◆ **DATASET RECORDS**:
┄┄┄┄┄┄┄┄┄┄

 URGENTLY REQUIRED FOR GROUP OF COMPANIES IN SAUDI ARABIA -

┄┄┄┄┄┄┄┄┄┄

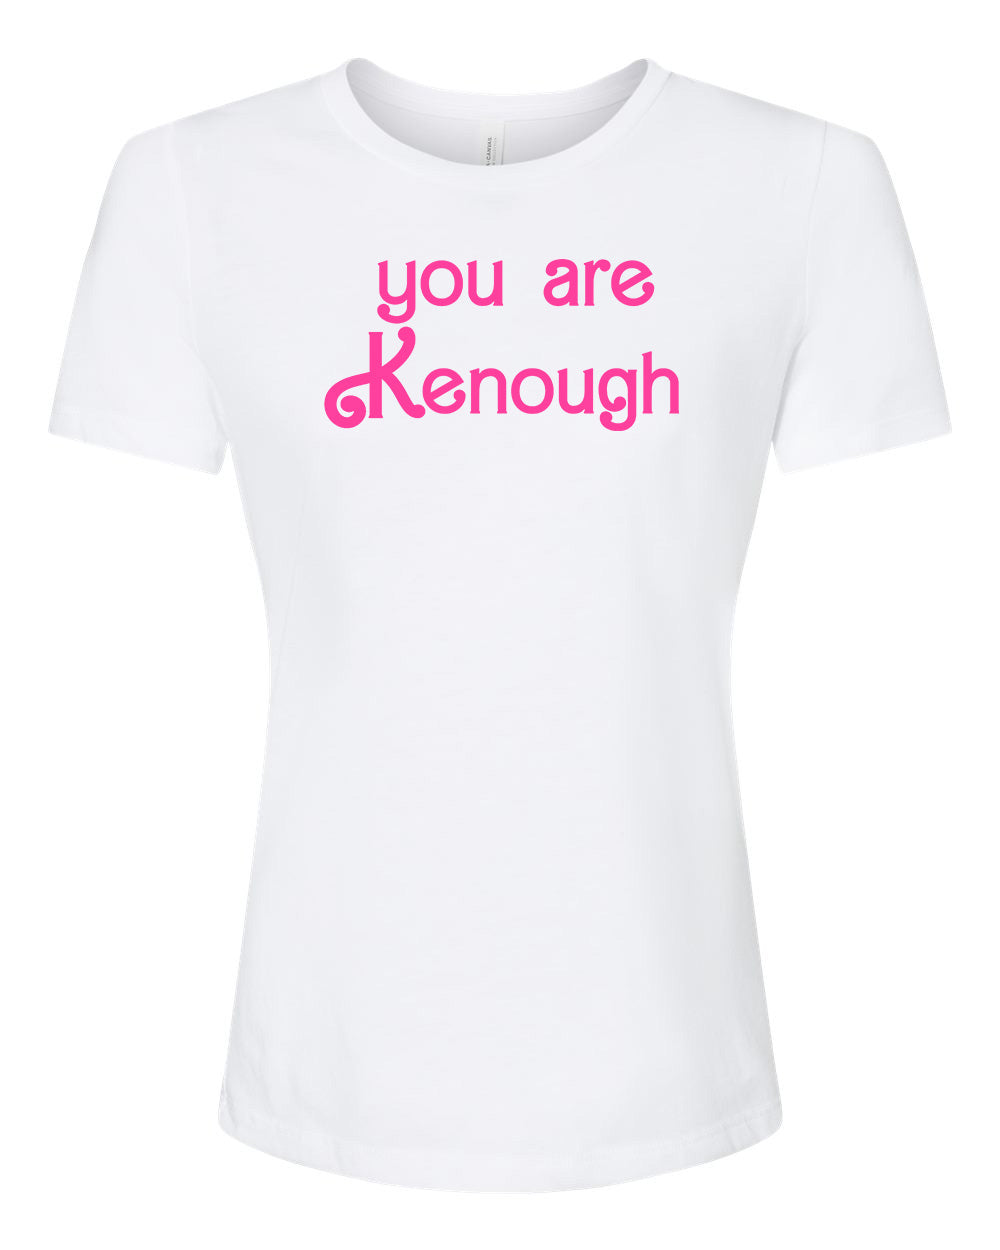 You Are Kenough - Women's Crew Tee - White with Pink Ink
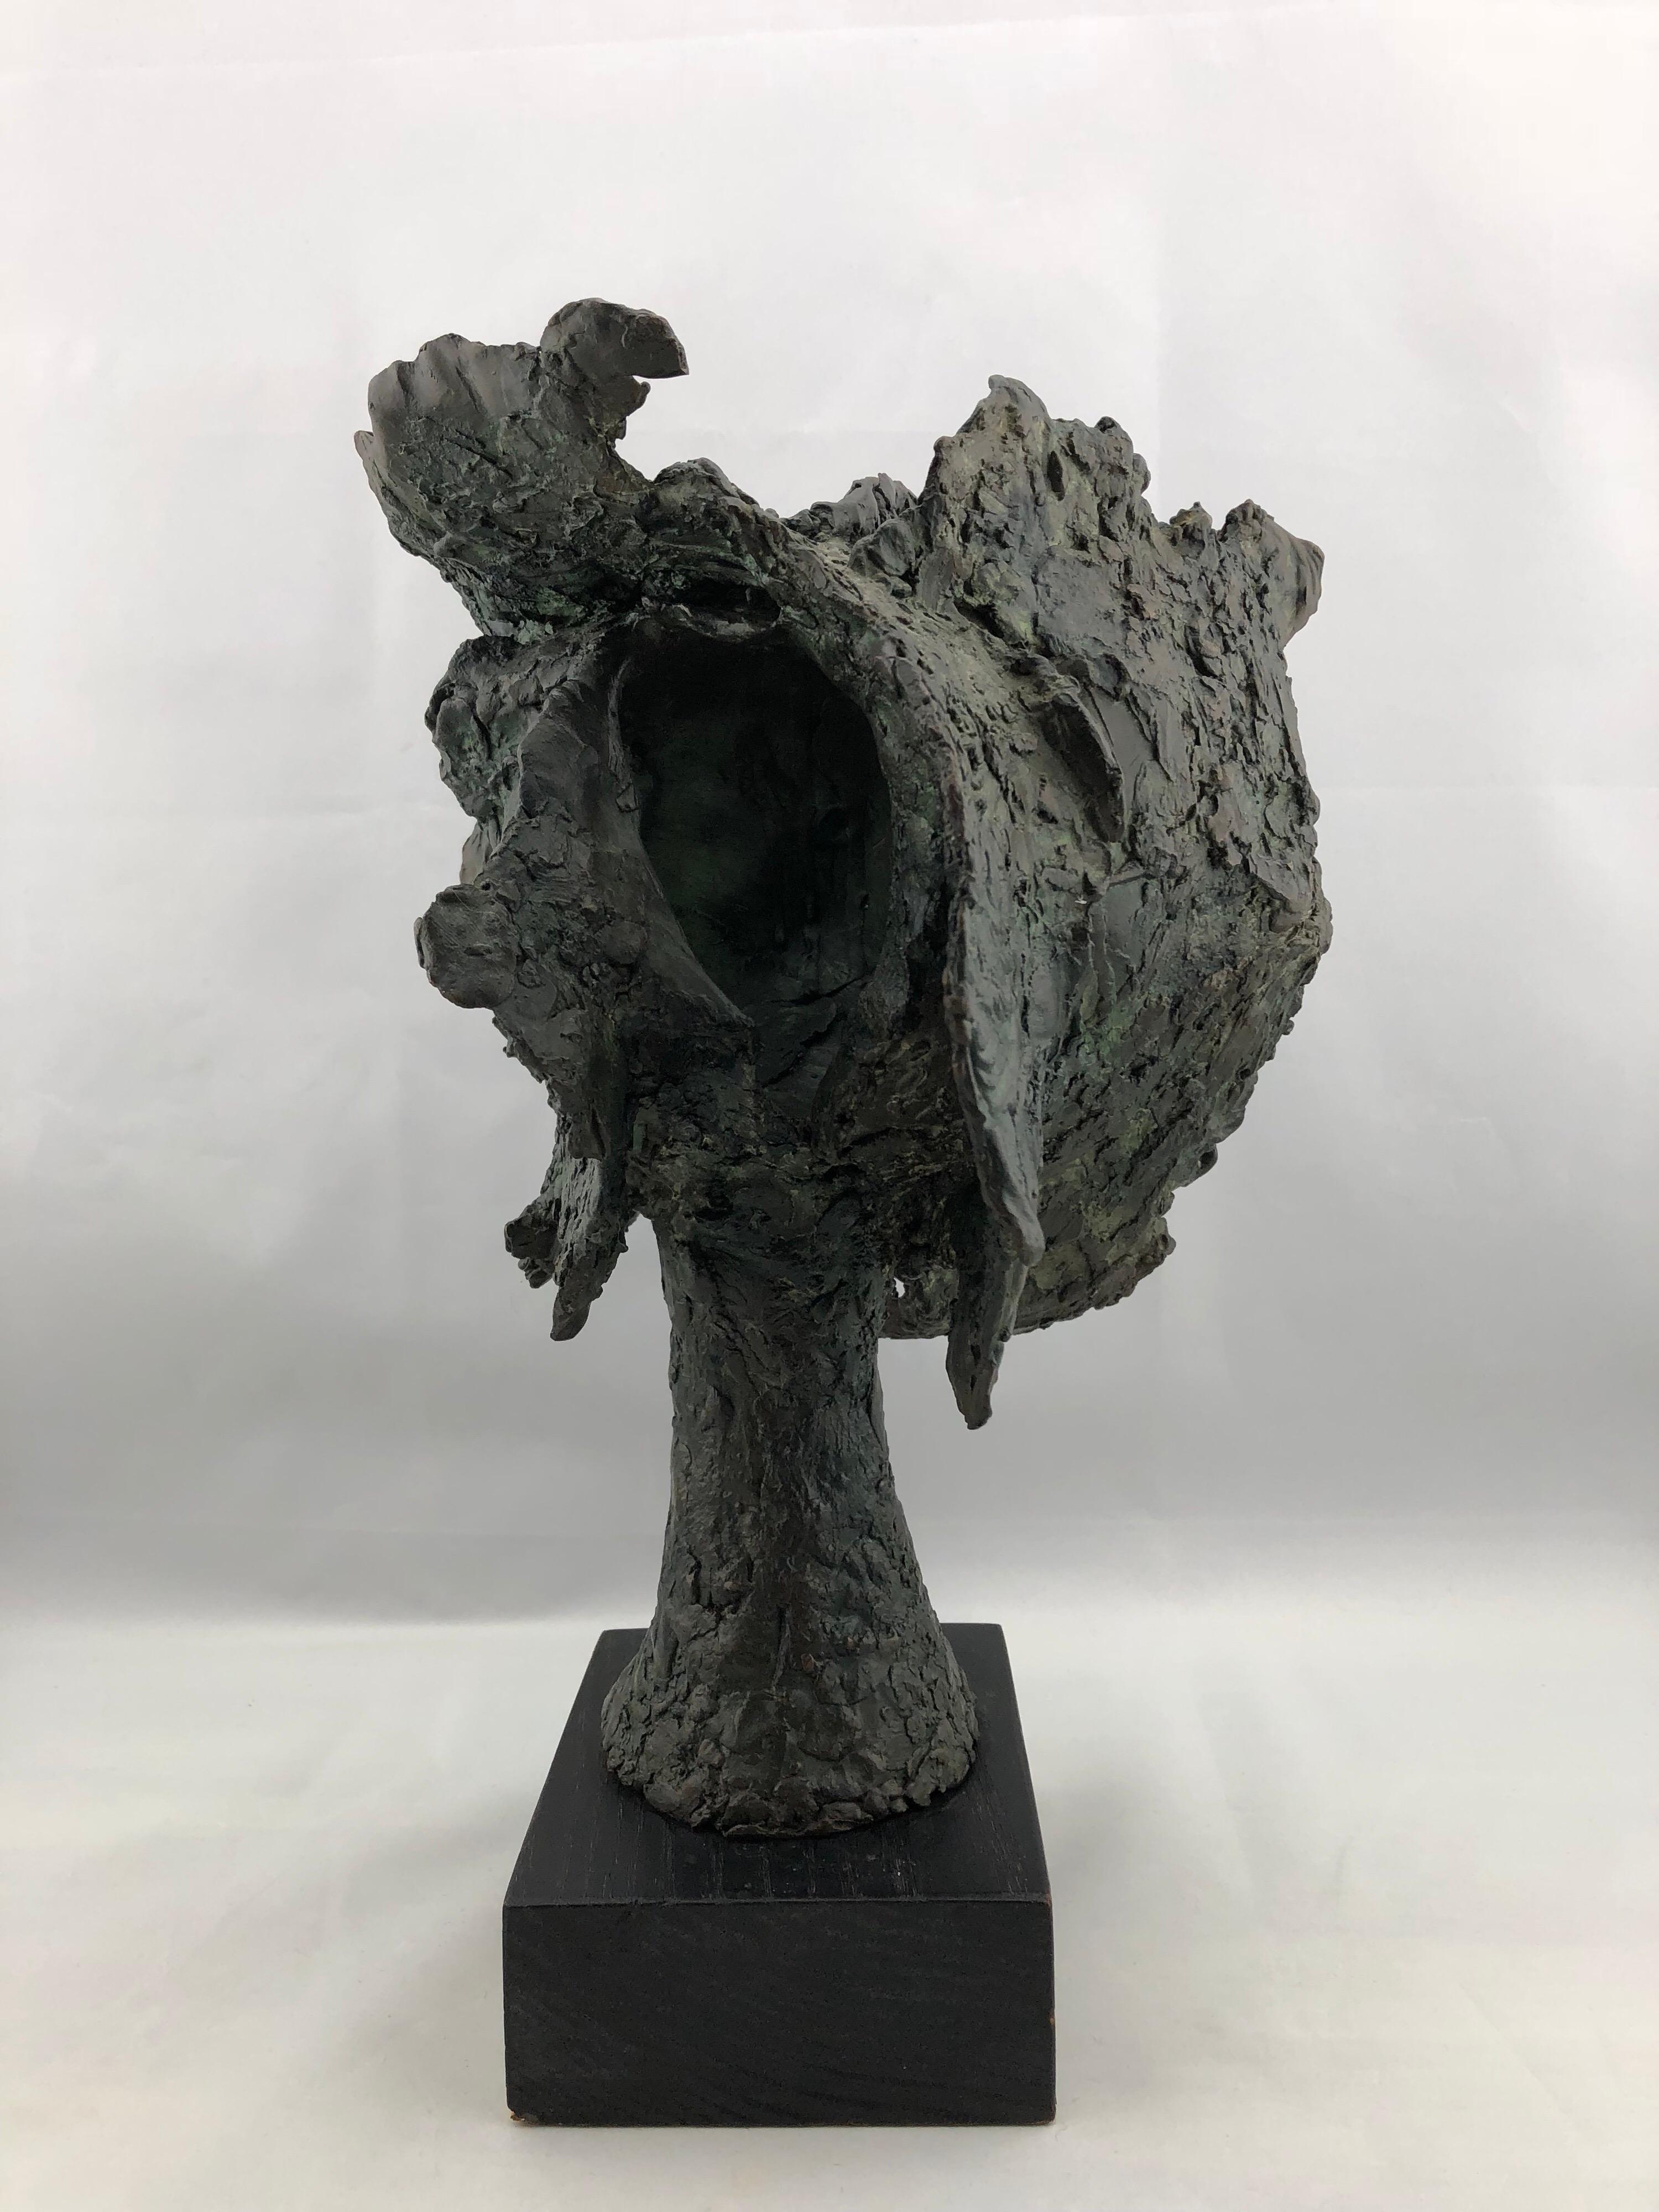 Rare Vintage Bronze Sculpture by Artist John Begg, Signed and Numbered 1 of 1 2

┄┄┄┄┄┄┄┄┄┄

◆ **EXERCISE AIM**: Starting at the line containing "You Are Kenough" and stopping at the line containing "Rare Vintage Bronze", output every line above exactly, both ends included, with pictures omitted.

◆ **ANSWER AREA**:
 You Are Kenough - Women's Crew Tee - White with Pink Ink
 Rare Vintage Bronze Sculpture by Artist John Begg, Signed and Numbered 1 of 1 2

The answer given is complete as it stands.